Anlaşılan, küçük arkadaşlık öbekleri, mikro karşı koyma biçimleri, minik dedikodular, küçük yaramazlıklar, buradan türeyen afacan ve yoğun bir “suç ortaklığı”, koğuş sohbetleri, tren yolculukları, yahut Harp Okulu mutfağında pişen ve nesilden nesile aktarılan bir yemek türü, hiç sevilmeyen bir kereviz veya çok sevilen bir samsa tatlısı, “yemeyen bana versin”ler, “hâlâ çıkıyor mu o kereviz/samsa tatlısı?”lar, Temmuz’un kavurucu sıcağında İzmir/Menteş’in dik Armutalan sırtlarına çıkarken birlikte taşınan bir MG3 makinalı tüfeğinin ağırlığına akşam çadırda edilen sinkaflar, sanılanın aksine, yönetmeliklerden, tüzüklerden, kanunlardan, resmî törenlerden çok daha “yapıştırıcıydı”. Hannah Arendt’in ferasetle yakaladığı gibi: “Askeriyede sivil alandaki dostluk biçimlerinden çok daha yoğun biçimde hissedilen ve çok daha güçlü olduğunu kanıtlayan bir tür grup bağı bulu”yorduk.

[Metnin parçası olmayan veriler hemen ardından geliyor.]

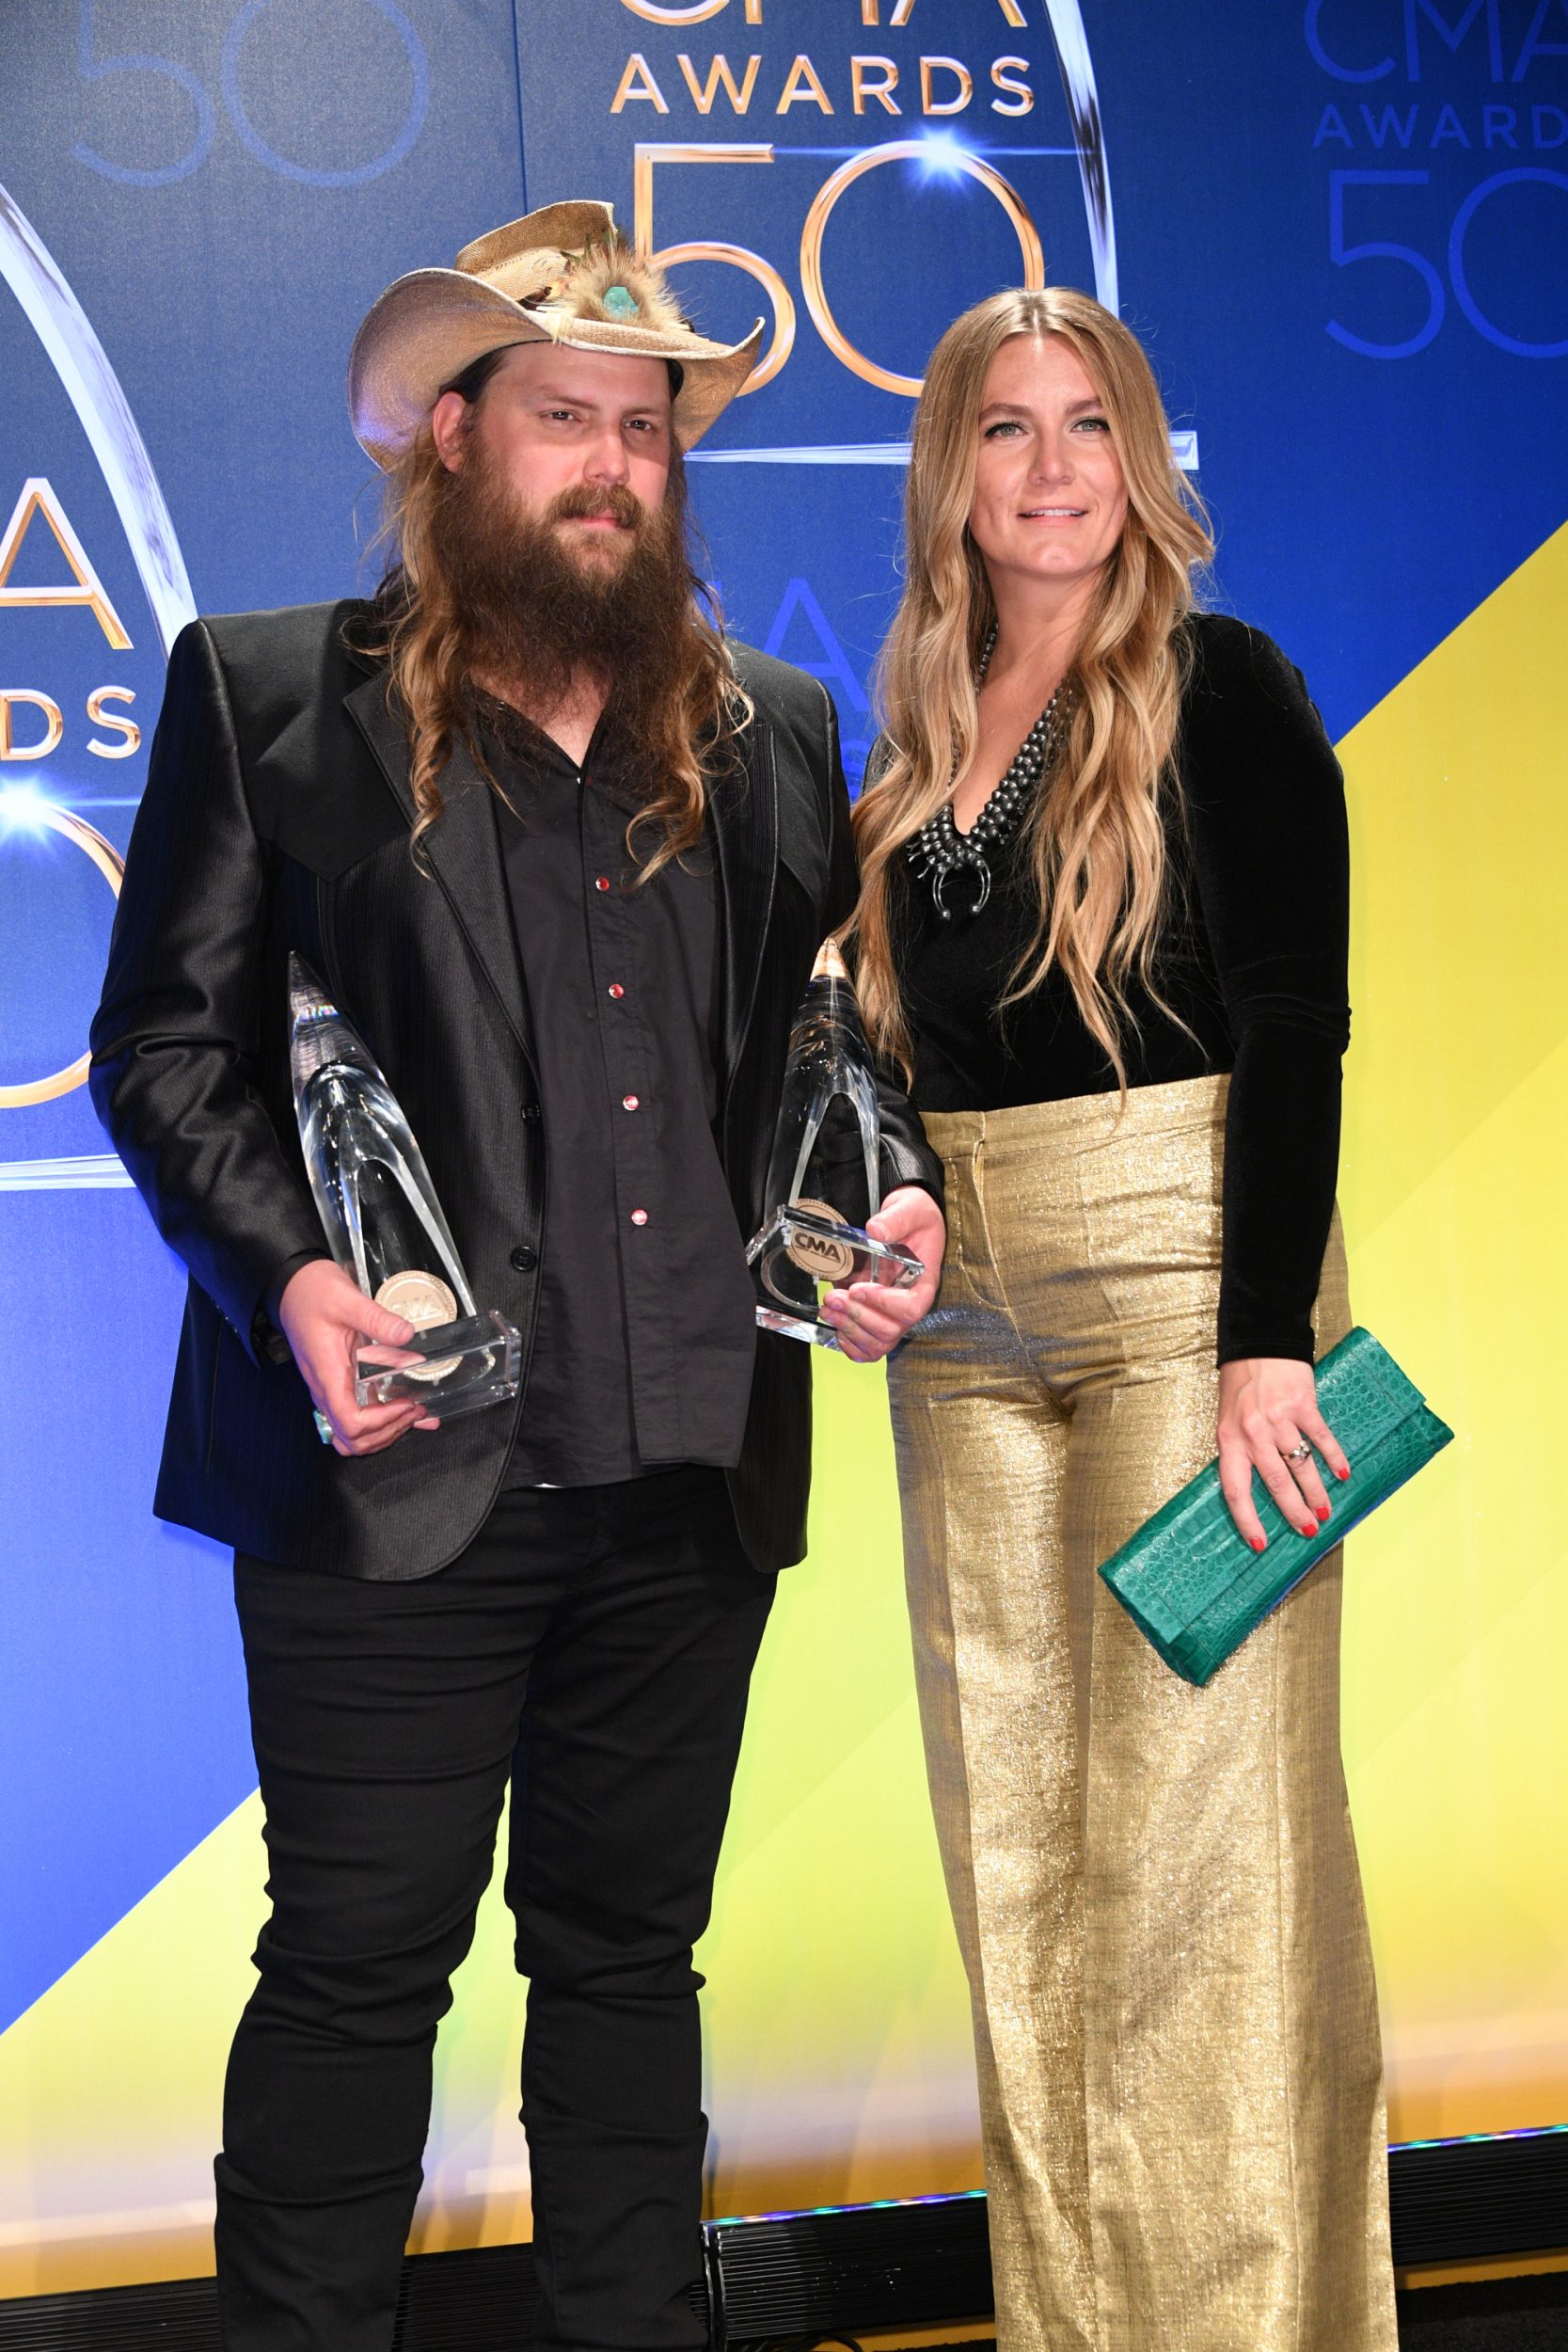 THE 50th ANNUAL CMA AWARDS - ÒThe 50th Annual CMA Awards,Ó hosted by Brad Paisley and Carrie Underwood, broadcasts live from the Bridgestone Arena in Nashville, Wednesday, November 2 (8:00-11:00 p.m. EDT), on the ABC Television Network. (ABC/Brett Oronzio) CHRIS STAPLETON

Harp Okullarının Türkiye siyasetine etki eden habituslarında, bu dostluk biçimlerinin ve grup bağlarının rolü büyüktü. Bunlar, kendilerini tüzüklerin, emirlerin, yönetmeliklerin soğuk nefesine karşı mesafelendirmeyi de başarabilen, gerektiğinde onlara rağmen de hareket edebilen şeylere benziyordu. “Gereklilik” halinin belirlenmesinde ise yine o habitus etkili oluyordu.

Bana kalırsa, bu grup bağını fiziksel ve tarihsel olarak kıracak biçimde araya serpiştirilmiş sivil (“yabancı”) yöneticileri ile Milli Savunma Üniversitesi fikri, Harp Okullarının bu uzun tarihsel hikayesini inkıtaa uğratmak üzere atılmış bilinçli ve stratejik bir adımdı.

Siviller samsa tatlısını da, Armutalan sırtlarının terini de bilmiyordu; içtimada bulunmayan bir arkadaşlarını idare etme riskini üstlenmek için anlamlı bir neden bulmaları da güçtü.  

Grup bağı kopartılmıştı.

Bu, sadece ordunun iç yönetimi açısından değil, kolaylıkla anlaşılabilecek dolaylı sonuçları itibarıyla Türkiye’nin rejimi açısından da hayatiydi.

Bu adımın yaşamsal önemini en iyi bilen, 31 Temmuz 2016 gibi çok erken bir tarihte o hercümercin ortasında Milli Savunma Üniversitesinin kurulmasını sağlayan mekanizmaydı diyeceğim, ama bu eksik bir önerme olacak.

Zira Hulusi Akar’ın Genelkurmay Başkanlığı döneminde Proje Yönetim Daire Başkanlığında yürütülen, Milli Savunma Üniversitesinin kurulmasına ilişkin ilk çalışmalar, 2015 gibi çok daha erken ve şaşırtıcı bir tarihte başlamıştı ve âdetâ zamanını bekler gibiydi.